WORK TO COMPLETE:
The answer is the line containing "Петля Clip top Blumotion 155" plus every line after it to the end of the material, retyped exactly and without the pictures.
─── PROVIDED MATERIAL
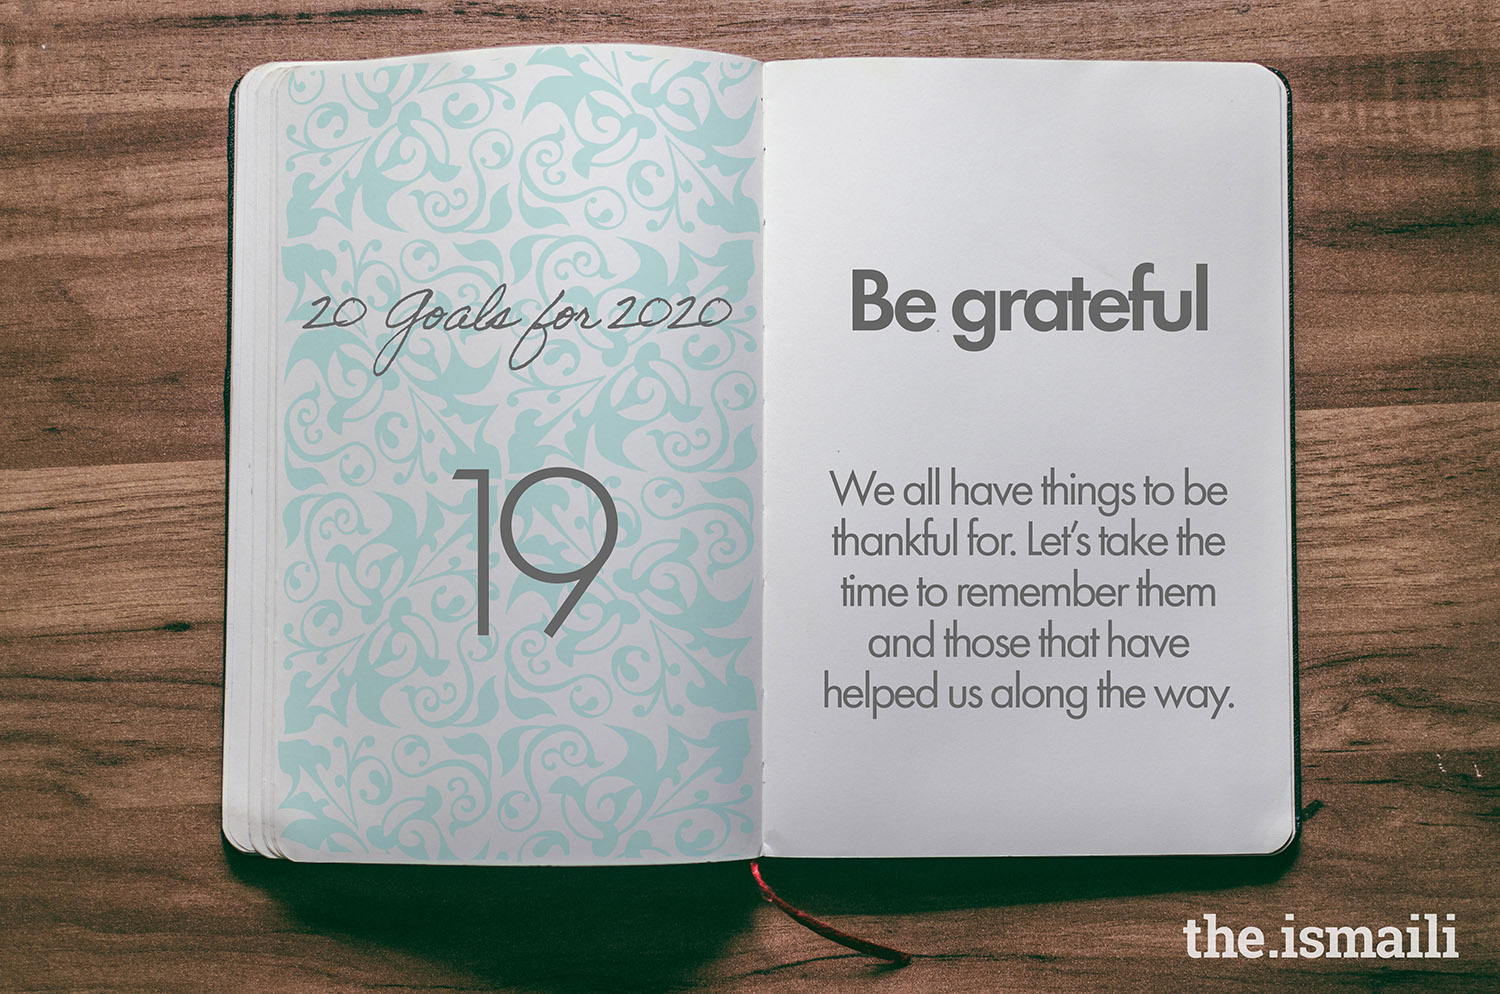 Goal 19: Be grateful
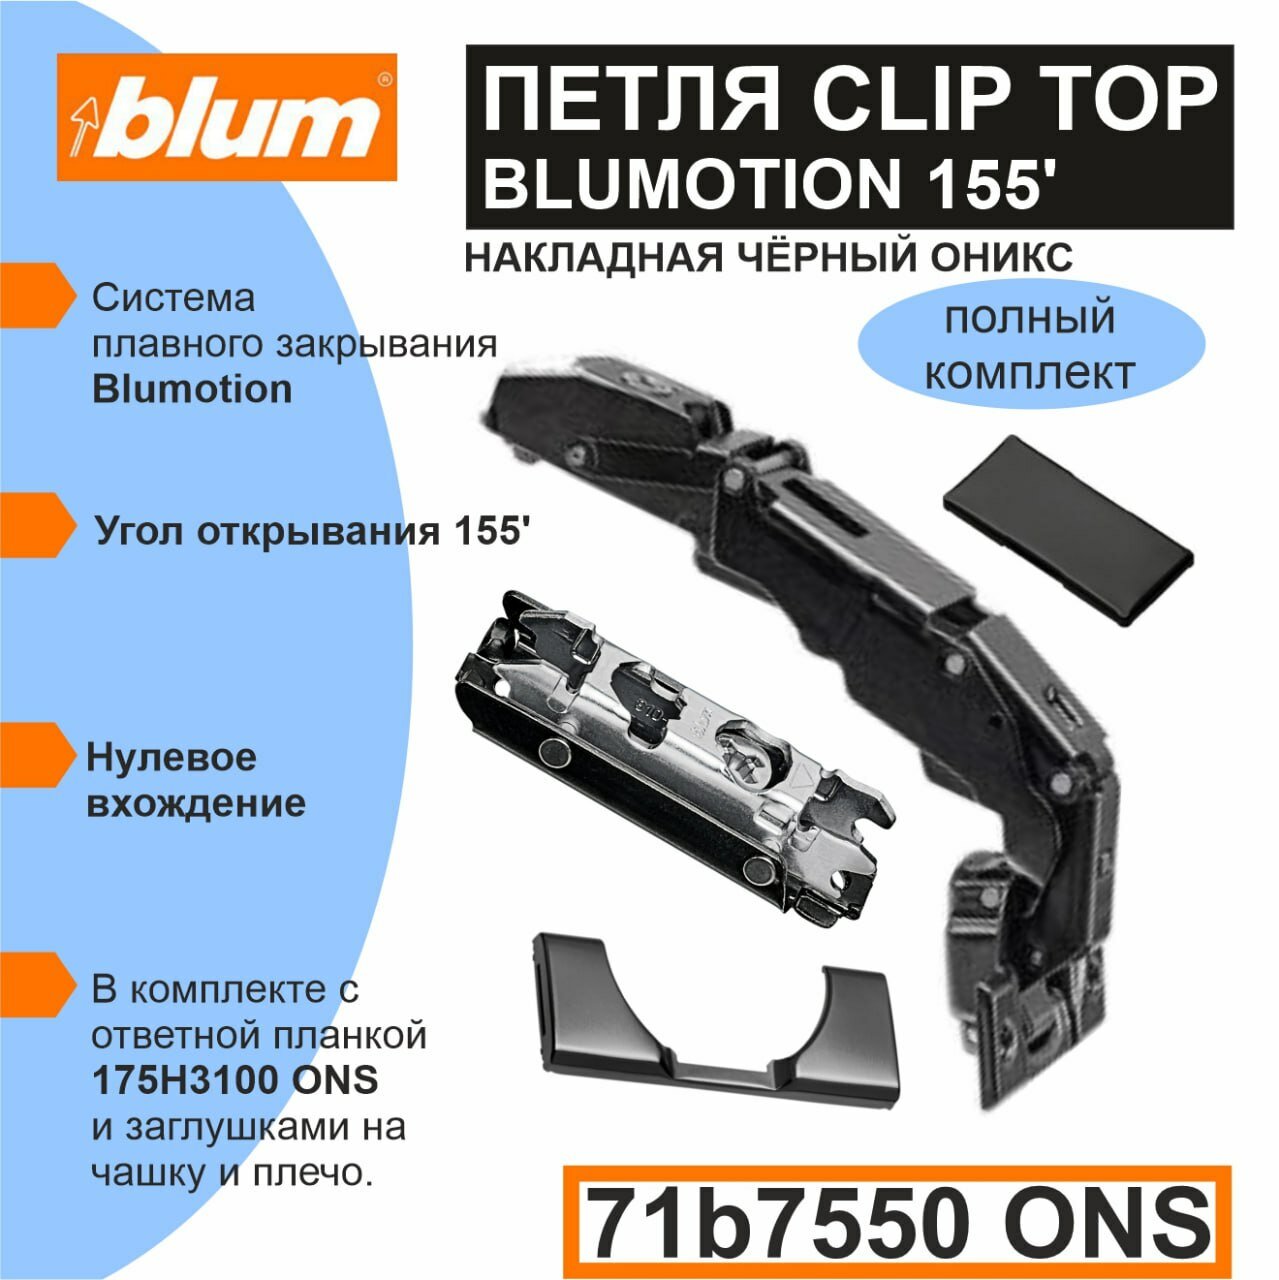 Петля Clip top Blumotion 155 
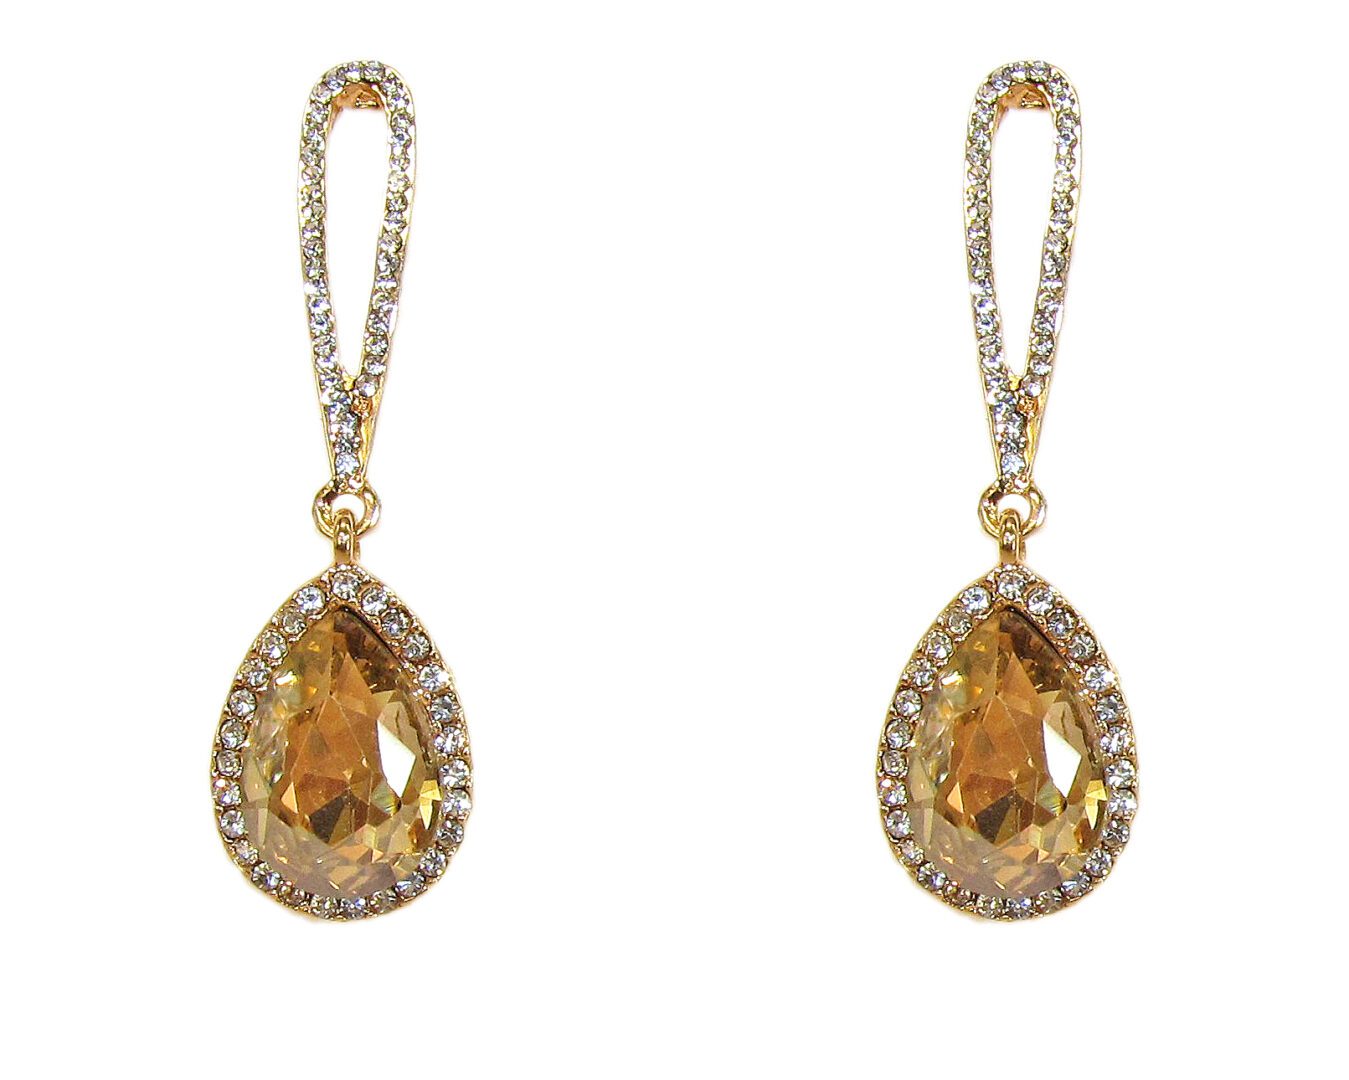 pair of earrings with teardrop amber crystals
──────
TASK ANSWER:
 Петля Clip top Blumotion 155 
 pair of earrings with teardrop amber crystals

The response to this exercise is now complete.